Multimodal sarcasm detection on the MUStARD++ dataset using Data2Vec embeddings and a cross-modal collaborative attention classifier.
This project reproduces and extends MUStARD++'s sarcasm detection approach by replacing its original feature extractors with Data2Vec models across all three modalities — text, audio, and video. The classifier uses a collaborative cross-modal attention mechanism to fuse utterance and context representations before making a binary sarcasm prediction.

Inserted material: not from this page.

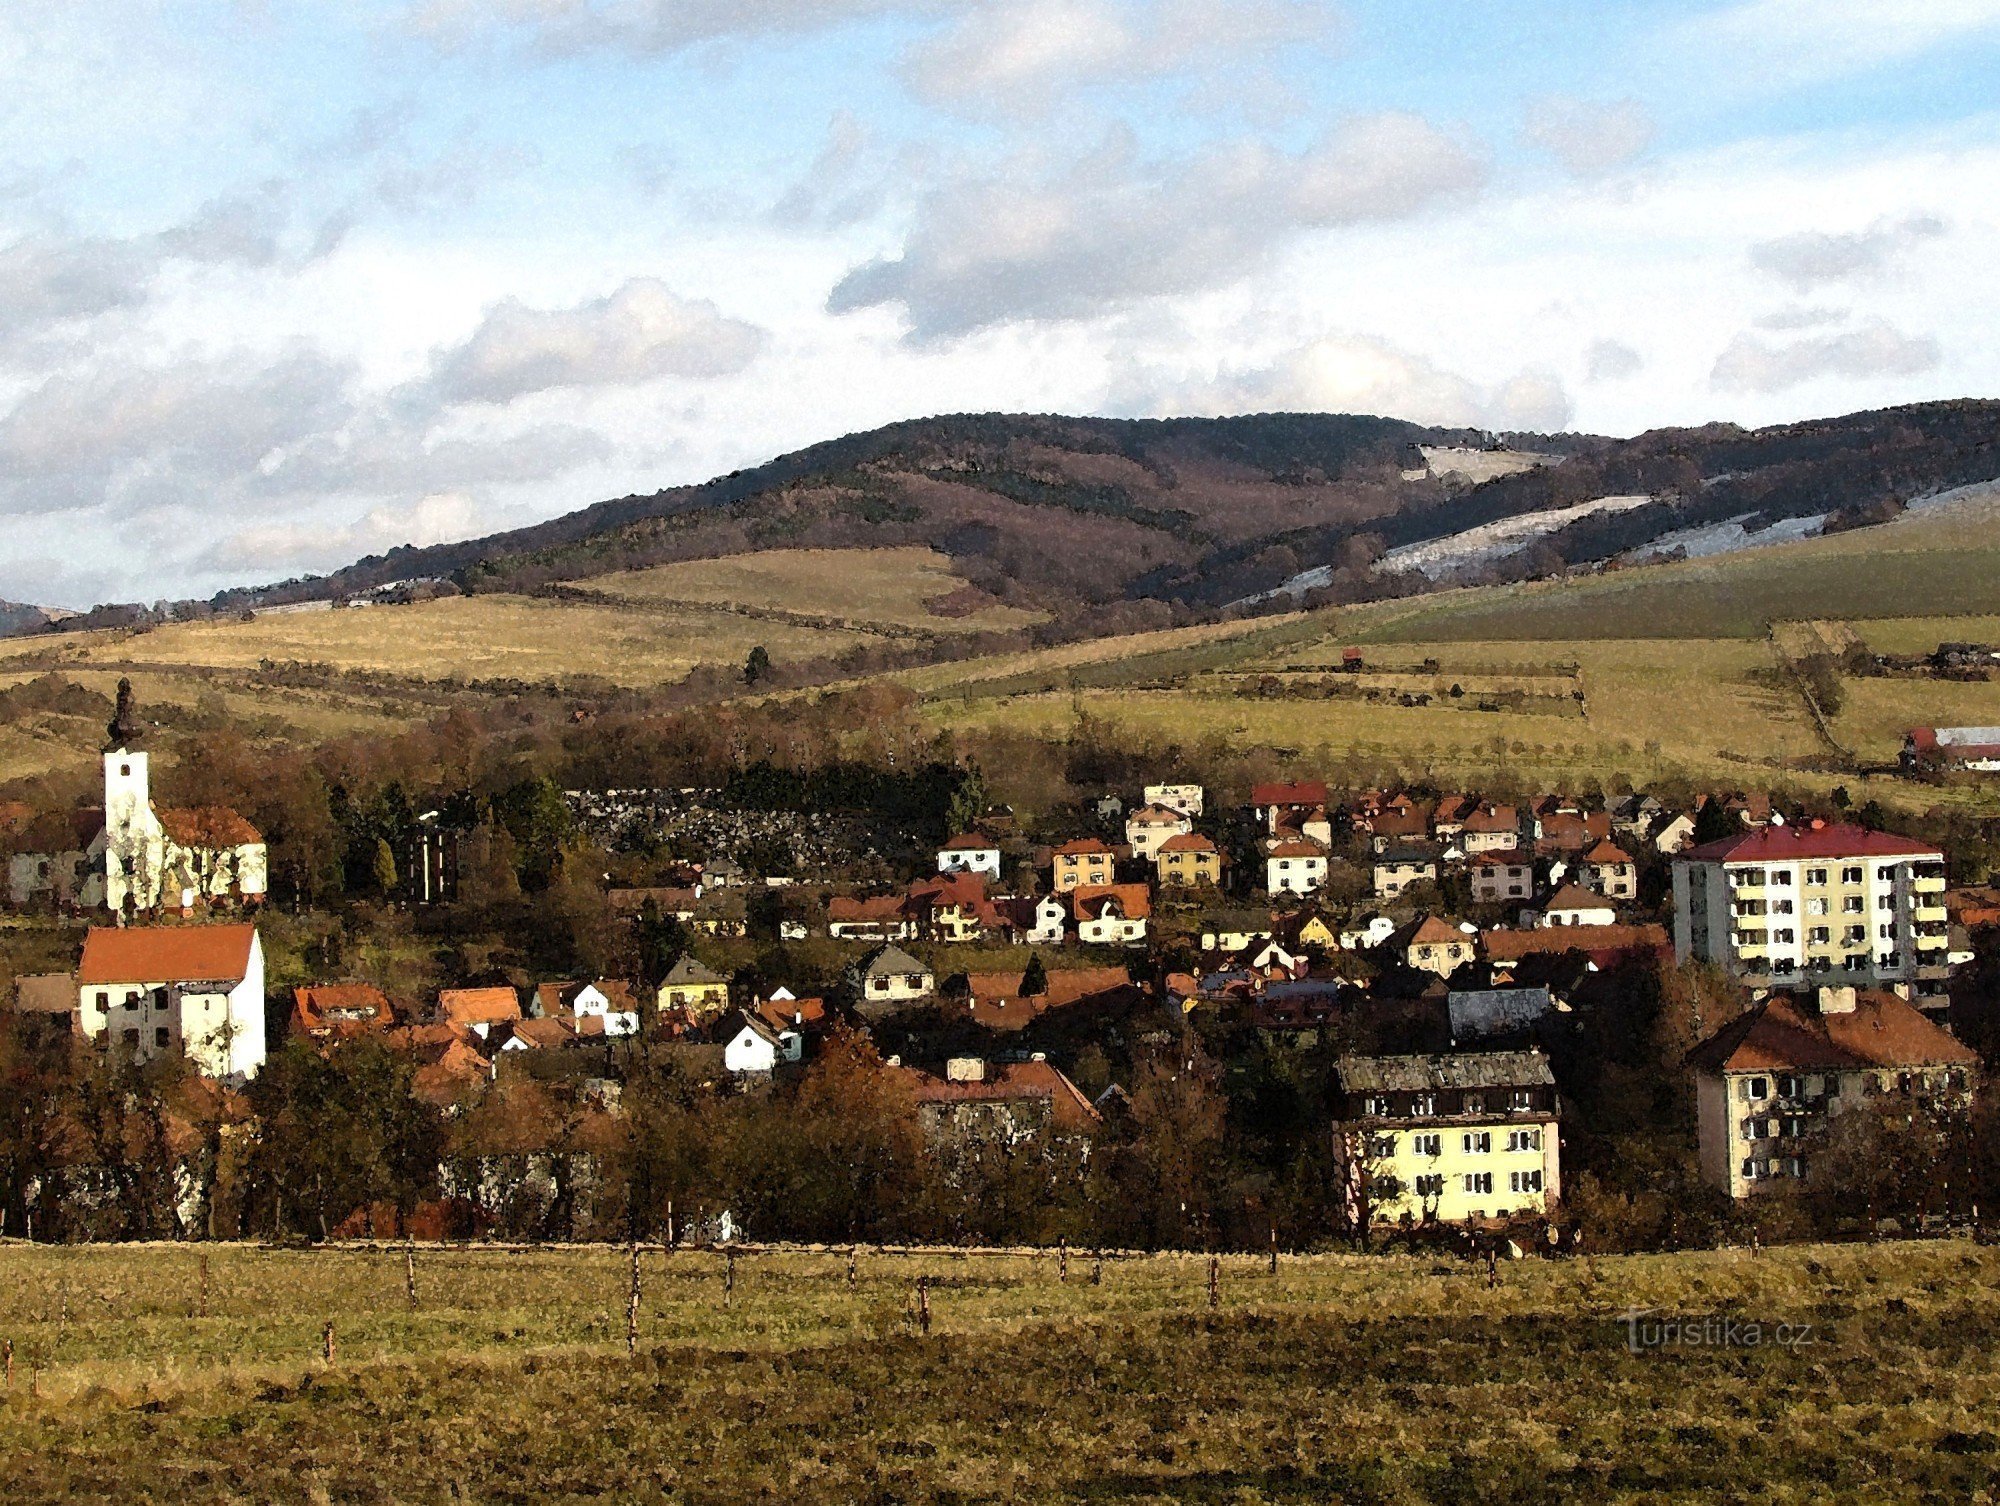 die Stadt Brumov - Bylnice im Hintergrund mit Holý vrch
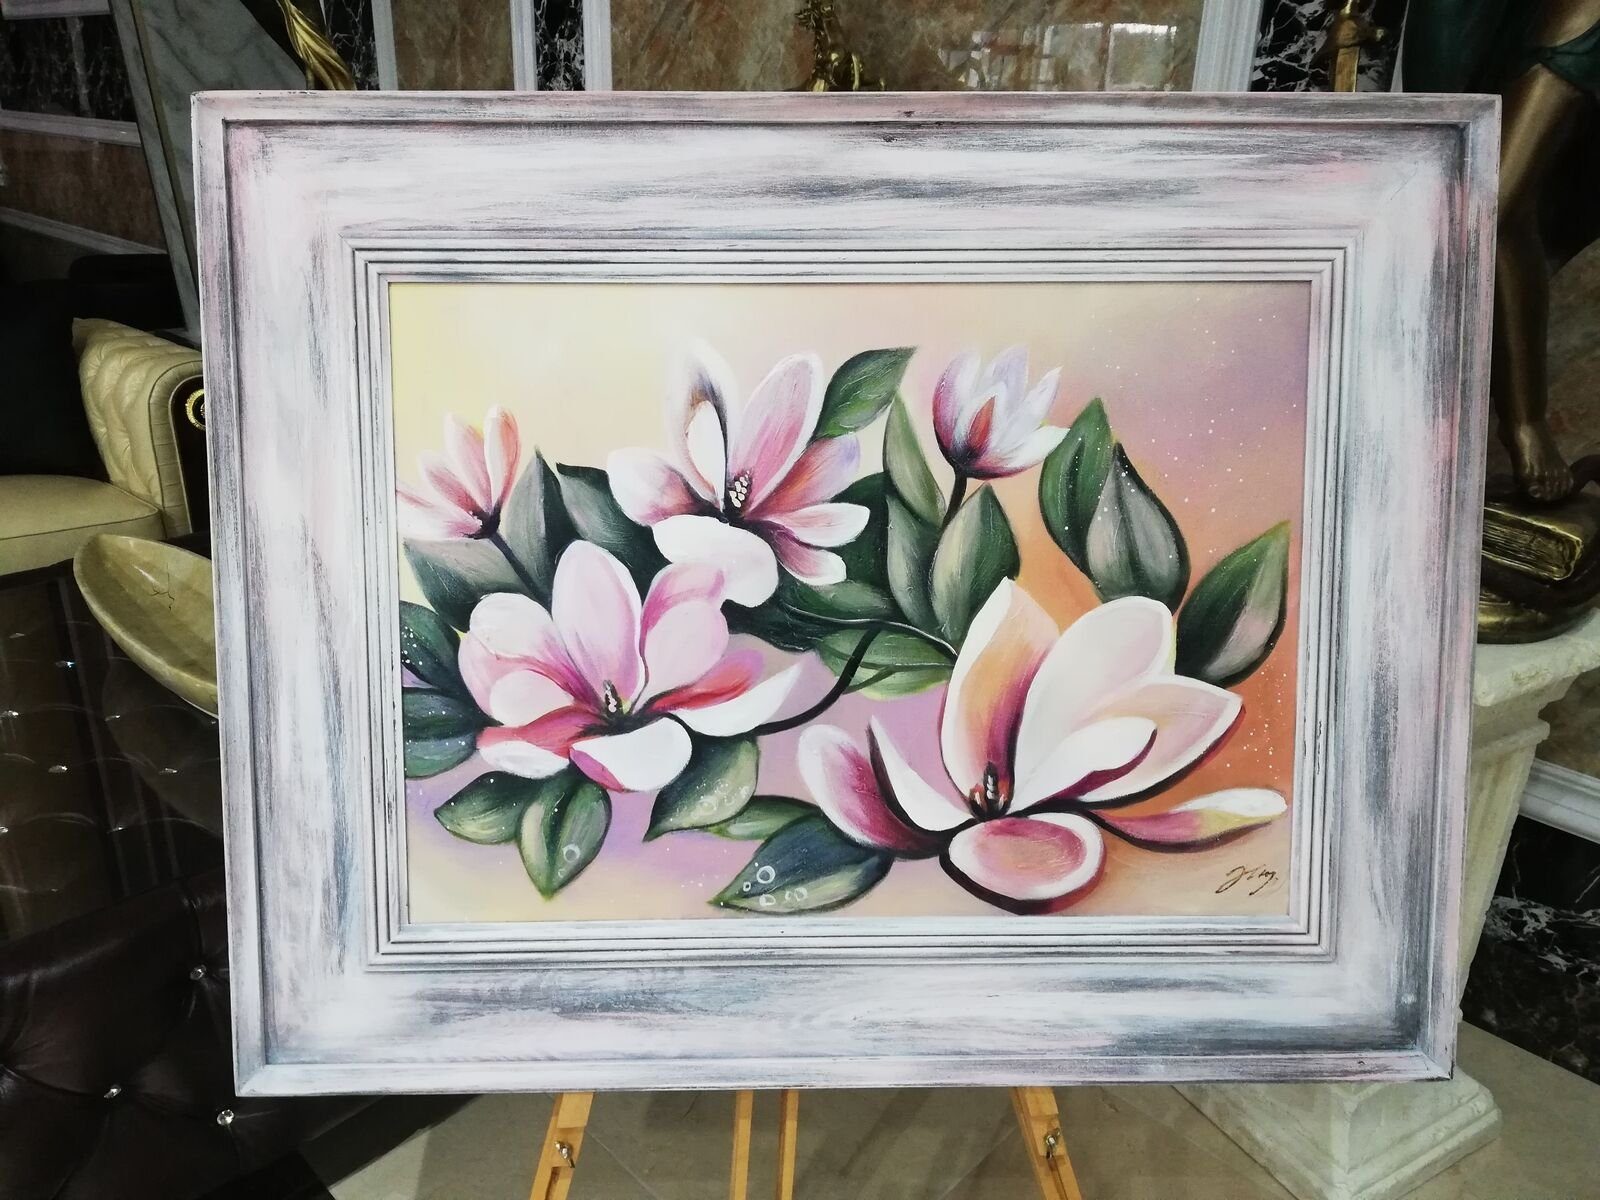 lieferbar Bilder Öl Sofort JVmoebel Gemälde Blumen Rahmen Blumen 96x76, Pflanzen Gemälde Mit

This project is finished originally in 2024 in fulfillment of U Antwerp's M.A. in Digital Text Analysis and reworked for clarity in 2026.
The full pipeline can be ran end-to-end via a single Snakemake command.
extract_keyframes
↓
extract_features → data/features.pkl
↓
prepare_dataset → data/dataset.pkl
↓
create_folds → data/folds/fold_{1-5}.pkl
↓
hyperparameter_search → results/best_params.json
↓
train_fold[1-5] → results/fold_{N}_results.json (parallelisable)
↓
aggregate_results → results/final_metrics.json
mustard_sarcasm/
├── Snakefile # Pipeline definition
├── config.yaml # All paths and hyperparameters
├── src/
│ ├── keyframe_extraction.py # Katna keyframe extraction + fallback isolation
│ ├── feature_extraction.py # Data2Vec text / audio / video embeddings
│ ├── prepare_dataset.py # Pairs context and utterance rows
│ ├── create_folds.py # Stratified 5-fold split
│ ├── hyperparameter_search.py # Grid search on a balanced 450-sample subset
│ ├── train_fold.py # Trains and evaluates one fold (CLI: --fold N)
│ ├── aggregate_results.py # Combines fold results into final metrics
│ ├── dataset.py # ContentDataset and attention pooling
│ ├── model.py # SarcasmClassifier (all ablation configs)
│ └── train_utils.py # seed, training loop, evaluation, forward dispatch
└── notebooks/ # Original exploratory notebooks (reference only)
├── keyframe_extraction.ipynb
├── preprocess_feature_extraction.py
├── hyperparameter_pretesting.ipynb
└── final_evaluation.ipynb
conda env create -f environment.yaml
conda activate mustard_sarcasmFor a CPU-only installation, remove the pytorch-cuda line from environment.yaml before running the above.
Place the MUStARD++ data under data/ matching the paths in config.yaml:
data/
├── mustardtext.csv
├── final_utterance_videos_0/ # raw utterance videos (pre-keyframe extraction)
├── final_context_videos_0/ # raw context videos
├── final_utterance_audios/ # utterance .wav files
└── final_context_audios/ # context .wav files
The keyframe extraction step populates the remaining directories automatically.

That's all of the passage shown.